Kubernetes Networking: CNI Plugins, NetworkPolicy, Service Mesh vs Native, and Ingress
Master Kubernetes networking: choose the right CNI plugin, write NetworkPolicy rules for zero-trust, decide between service mesh and native K8s networking, and configure production ingress with TLS.

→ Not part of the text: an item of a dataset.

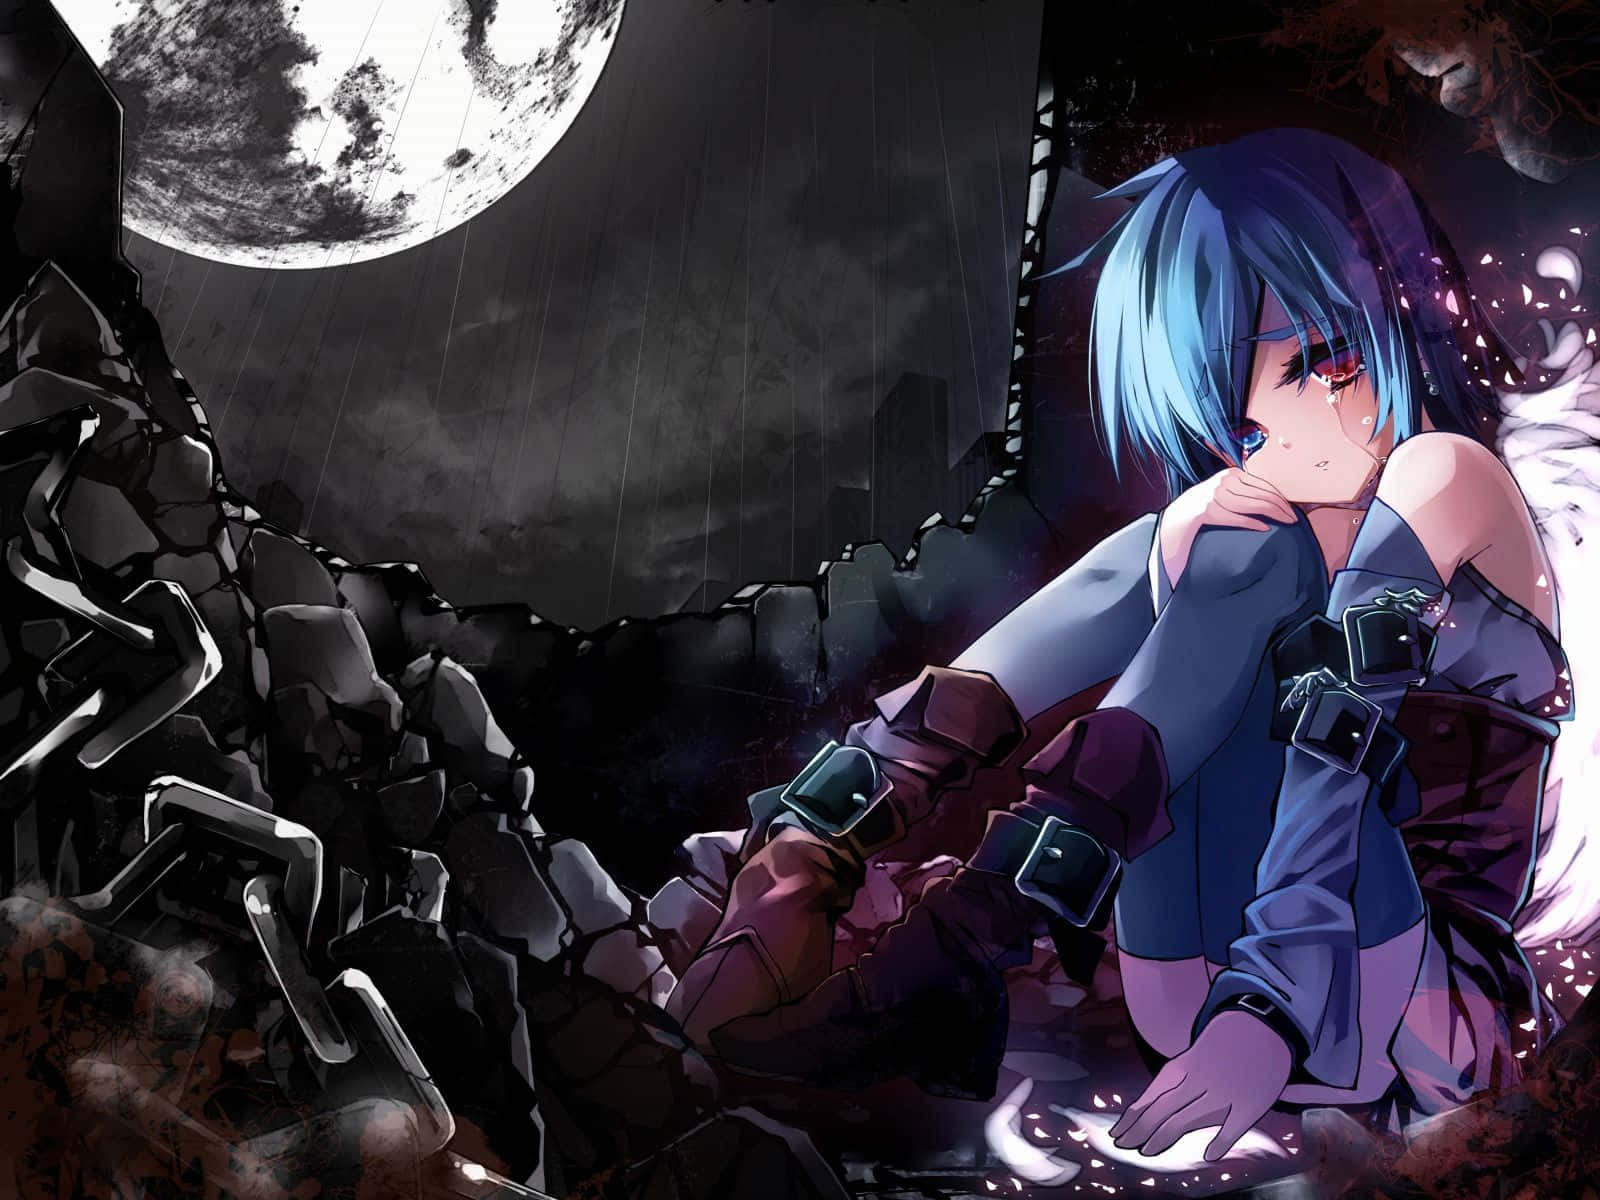 Experience a captivating Gothic Anime night, full of mystery and wonder. Wallpaper

Kubernetes networking is one of the most misunderstood parts of the platform. The abstractions are clean — Pods, Services, Ingress — but the underlying implementation varies dramatically between CNI plugins, and the security implications of that variance are significant.
By default, all pods in a cluster can communicate with all other pods. That's the opposite of zero-trust. NetworkPolicy is the tool that fixes it, but only if your CNI actually enforces it.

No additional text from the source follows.